Was brauche ich, um Camtasia Studio nutzen zu können?

Windows

Anforderungen für Video-Aufnahme und -bearbeitung:

– Microsoft Windows 2000, XP oder neuer

– Microsoft DirectX 9 oder neuer

– 1-GHz-Prozessor (2,5 GHz empfohlen)

– 512 MB Systemarbeitsspeicher (1024 MB empfohlen)

– 60 MB verfügbarer Festplattenspeicher

– Windows-kompatible Soundkarte, Mikrofon und Lautsprecher

Anforderungen für die Video-Wiedergabe:

– Der TSCC-Codec muss installiert sein

– Microsoft Windows 95, 98, Me, NT, 2000, XP oder neuer

– 90-MHz-Prozessor

– 16 MB Systemarbeitsspeicher

Ein ausführlicher Pro-Kontra-Vergleich, aus dem auch die Systemvoraussetzungen entnommen wurden, findet sich hier. Für Alternative Betriebssystem, wie z.B. Linux steht Camtasia Studio NICHT zur Verfügung!

Die Qual der Wahl – Formatfragen!

Das Abfilmen des Bildschirms erfolgt über ein übersichtliches und intuitives Menü (Camtasia Recorder), das Bewegtbildmaterial lässt sich später im eigentlichen Hauptprogramm nachbearbeiten und in eine Vielzahl unterschiedlicher Ausgabeformate exportieren.

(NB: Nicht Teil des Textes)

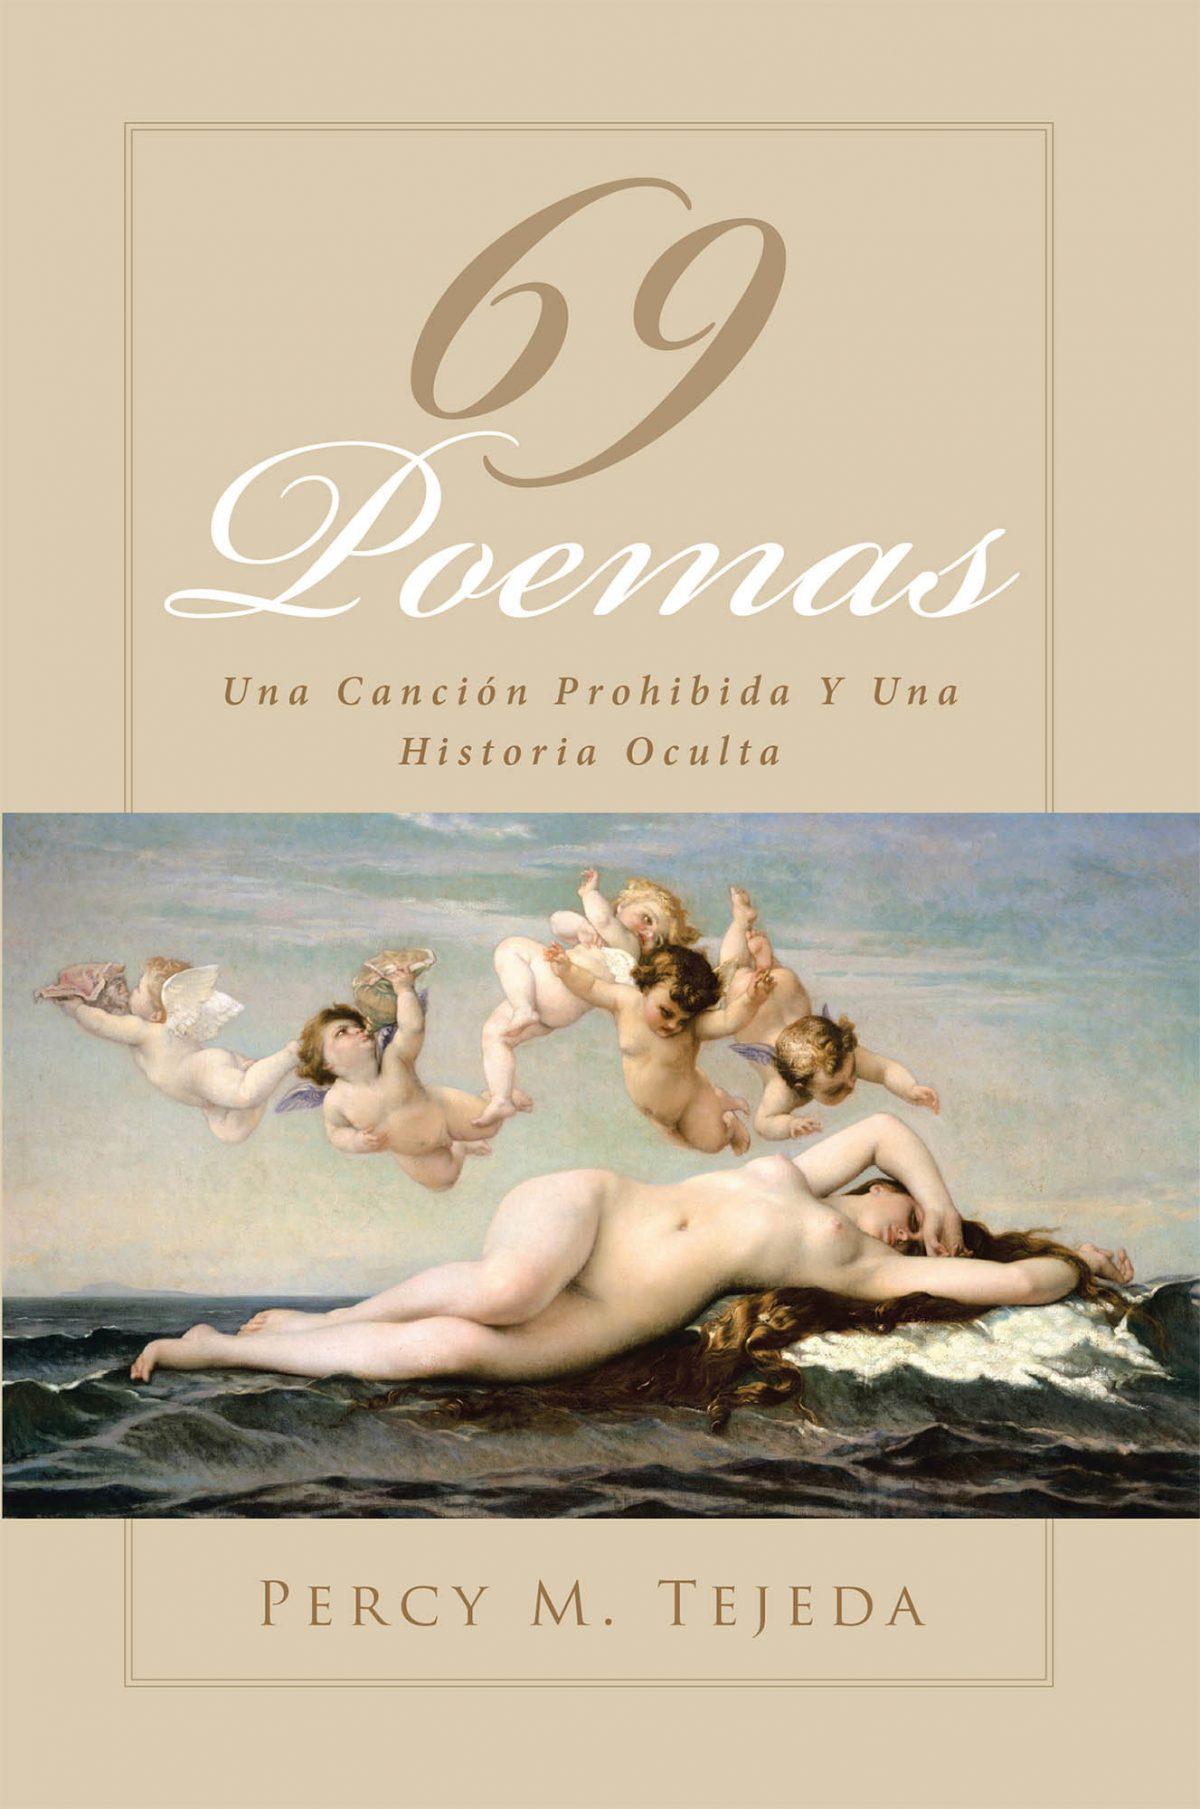 El Nuevo Libro De Percy M. Tejeda, 69 Poemas: Una Canción Prohibida Y Una Historia Oculta, Es Un Poemario Que Nos Revela Emociones, Sentimientos Y Realidades Que Pueden Evocarse En La Vida

Bei hohen Auflösungen (siehe Bild) beschwert sich zwar der Recorder, die Aufnahme mit einer (Standard)Bildschirmauflösung von 1280×1024 Pixeln funktionierte schlussendlich aber problemlos und in erstaunlich guter Qualität – vergleichbare Freeware-Lösungen müssen dabei passen.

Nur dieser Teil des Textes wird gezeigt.